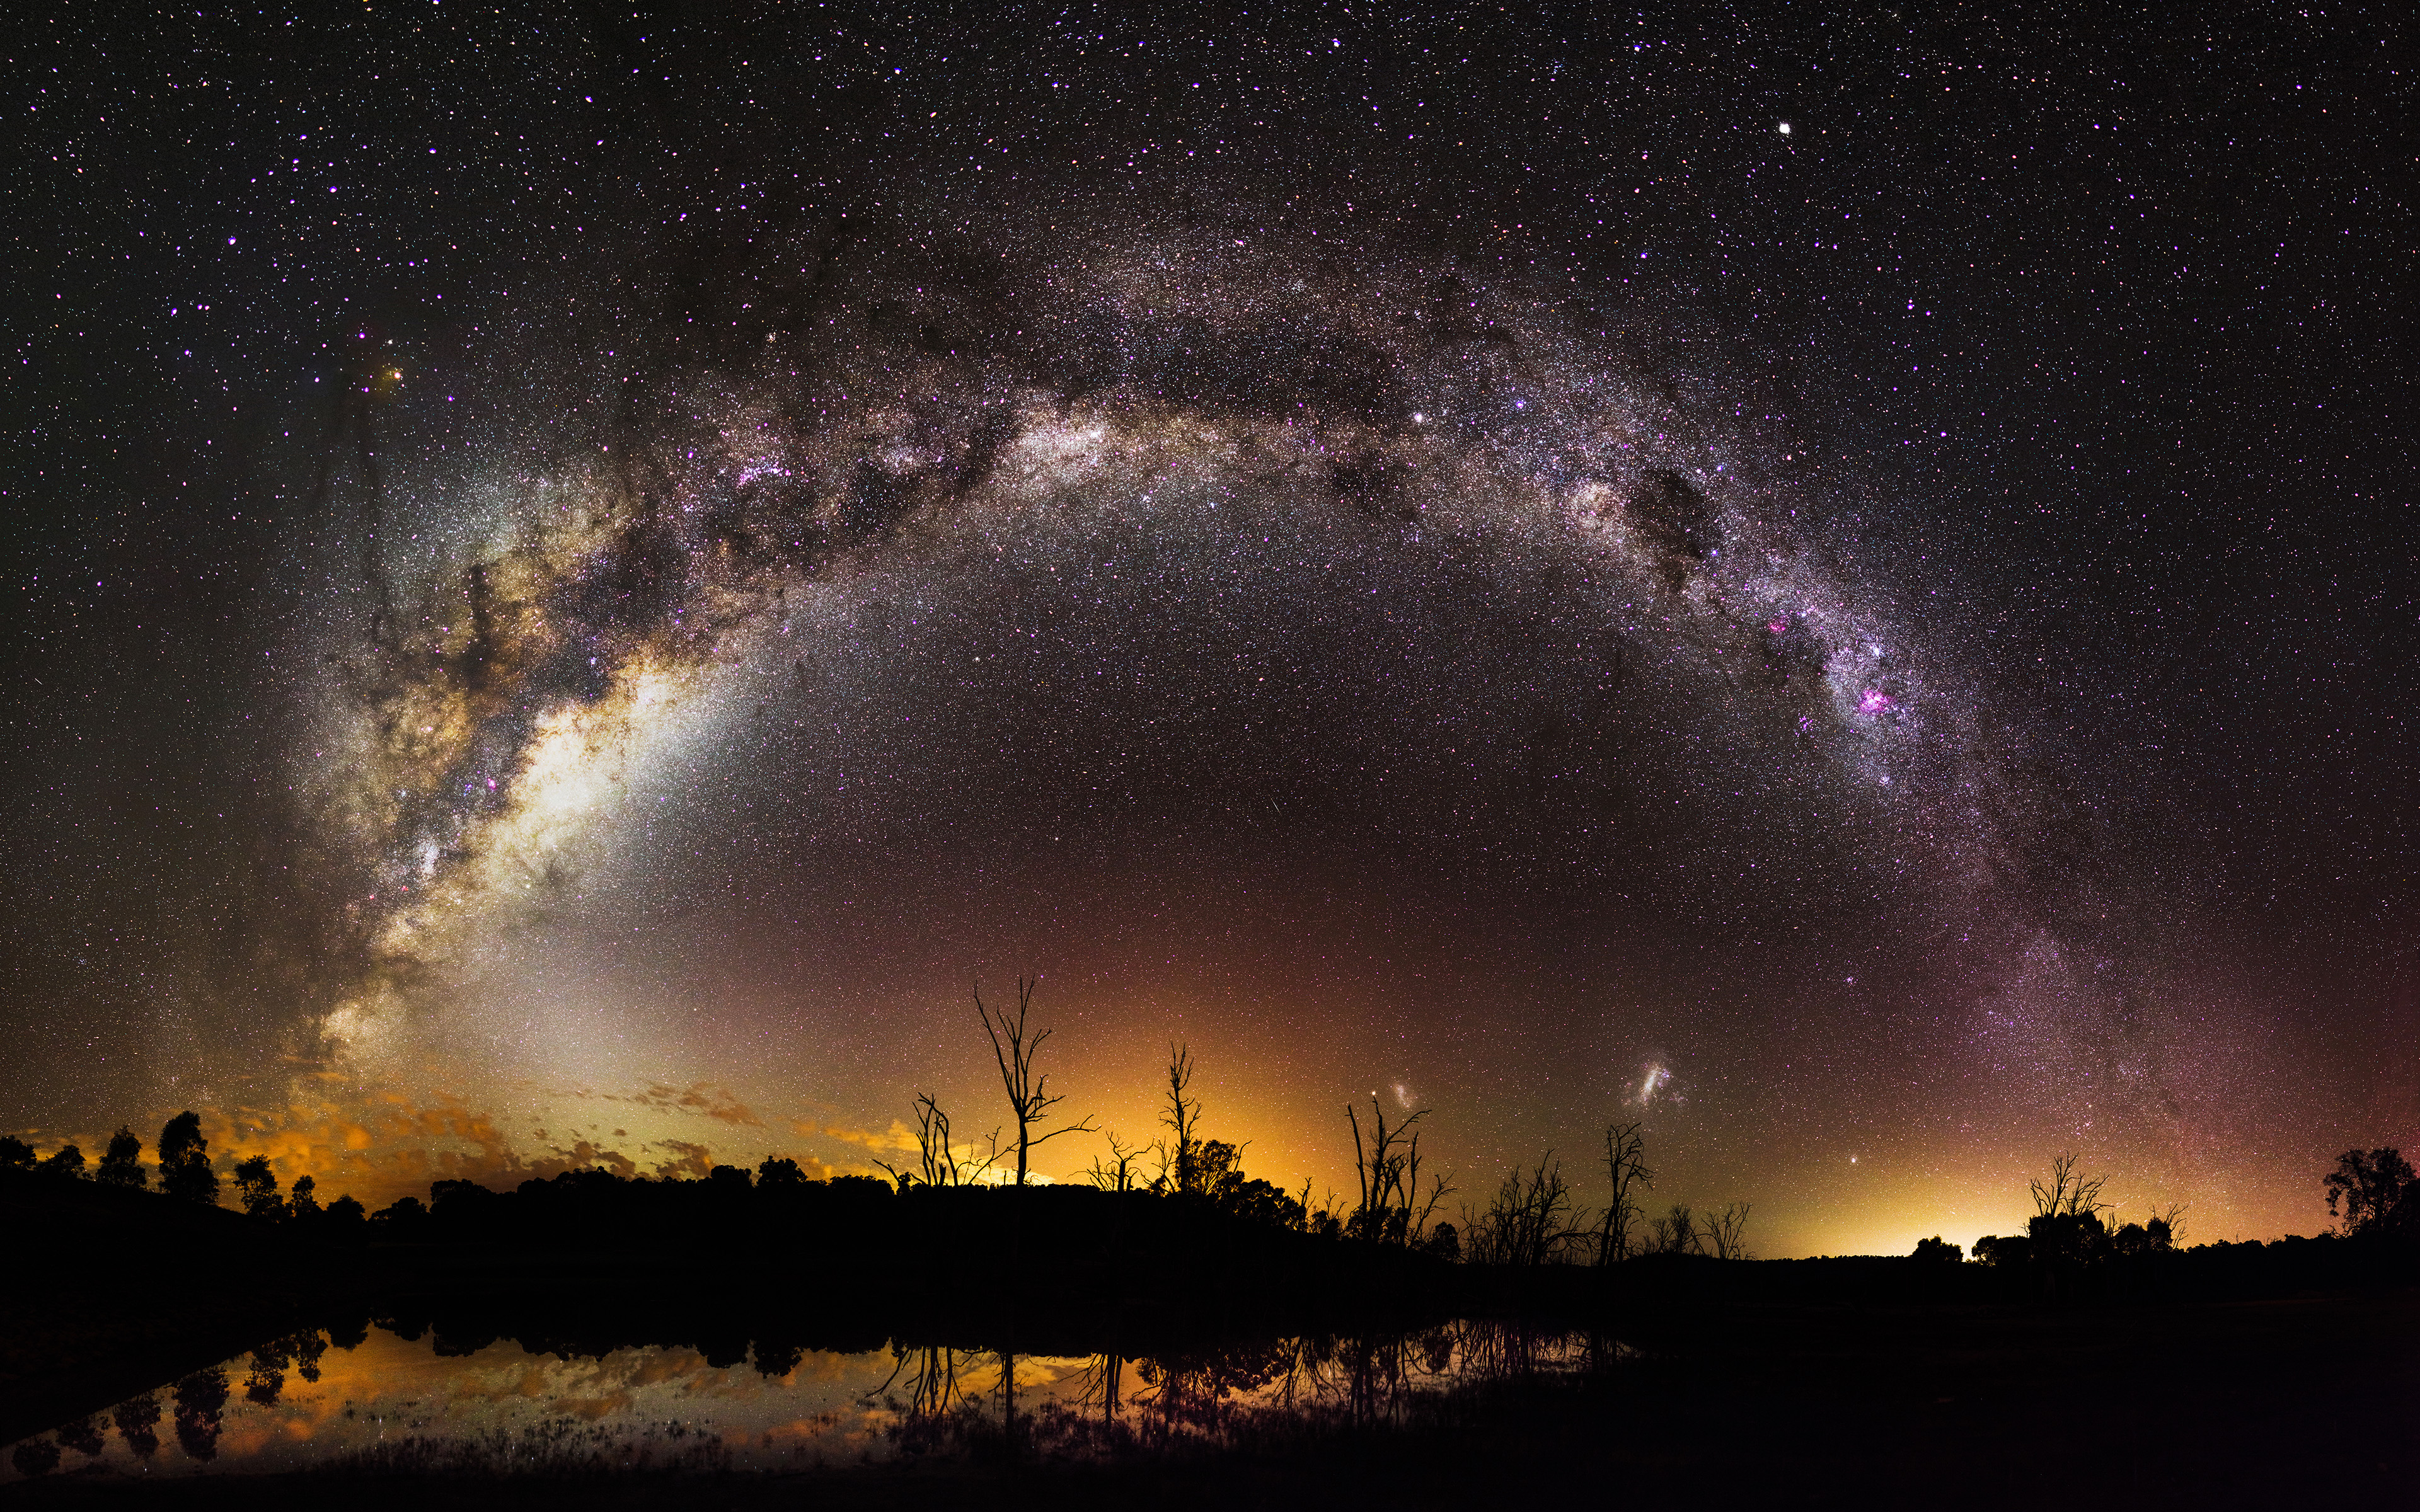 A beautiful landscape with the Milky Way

==

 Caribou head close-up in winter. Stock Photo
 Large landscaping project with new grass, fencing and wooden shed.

...

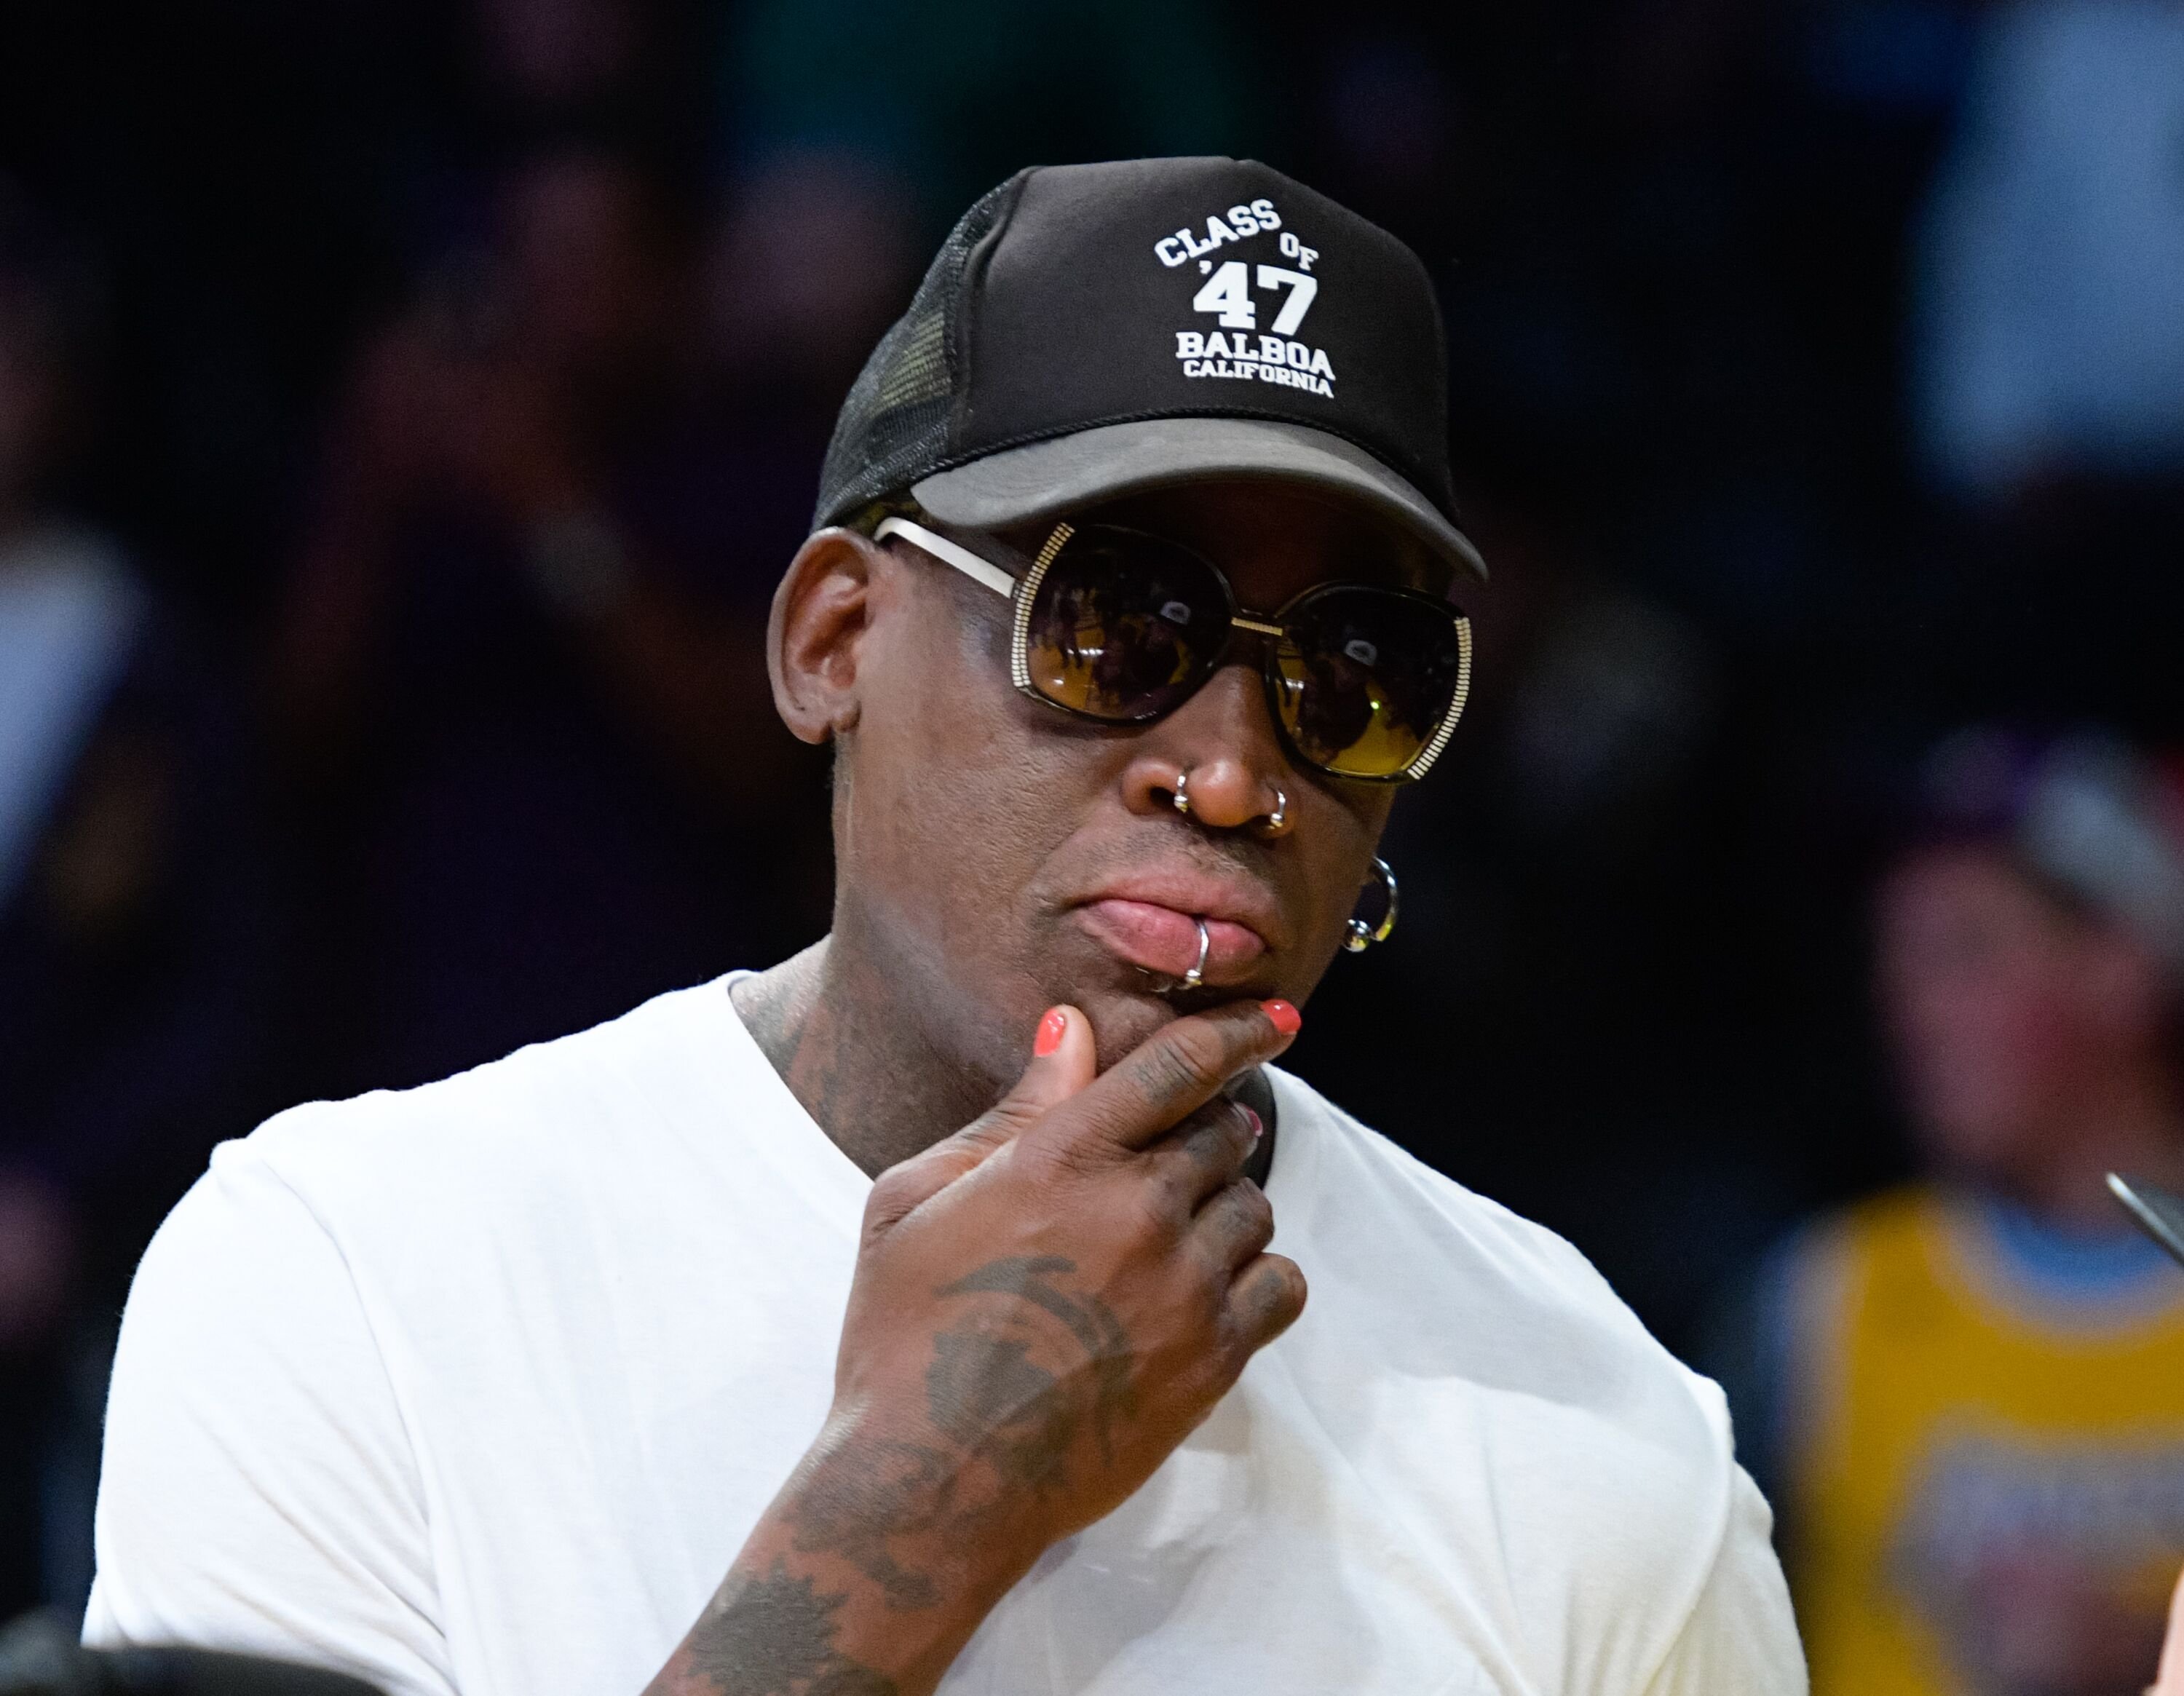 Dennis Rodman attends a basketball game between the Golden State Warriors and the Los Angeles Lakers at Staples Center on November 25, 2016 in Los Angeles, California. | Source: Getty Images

## WORK TO BE COMPLETED
Set down, from the entries above, exactly the lines from the one with "Caribou head close-up in winter. Stock Photo" up to and including the one with "Large landscaping project", and no other lines.

## EXPECTED ANSWER
 Caribou head close-up in winter. Stock Photo
 Large landscaping project with new grass, fencing and wooden shed.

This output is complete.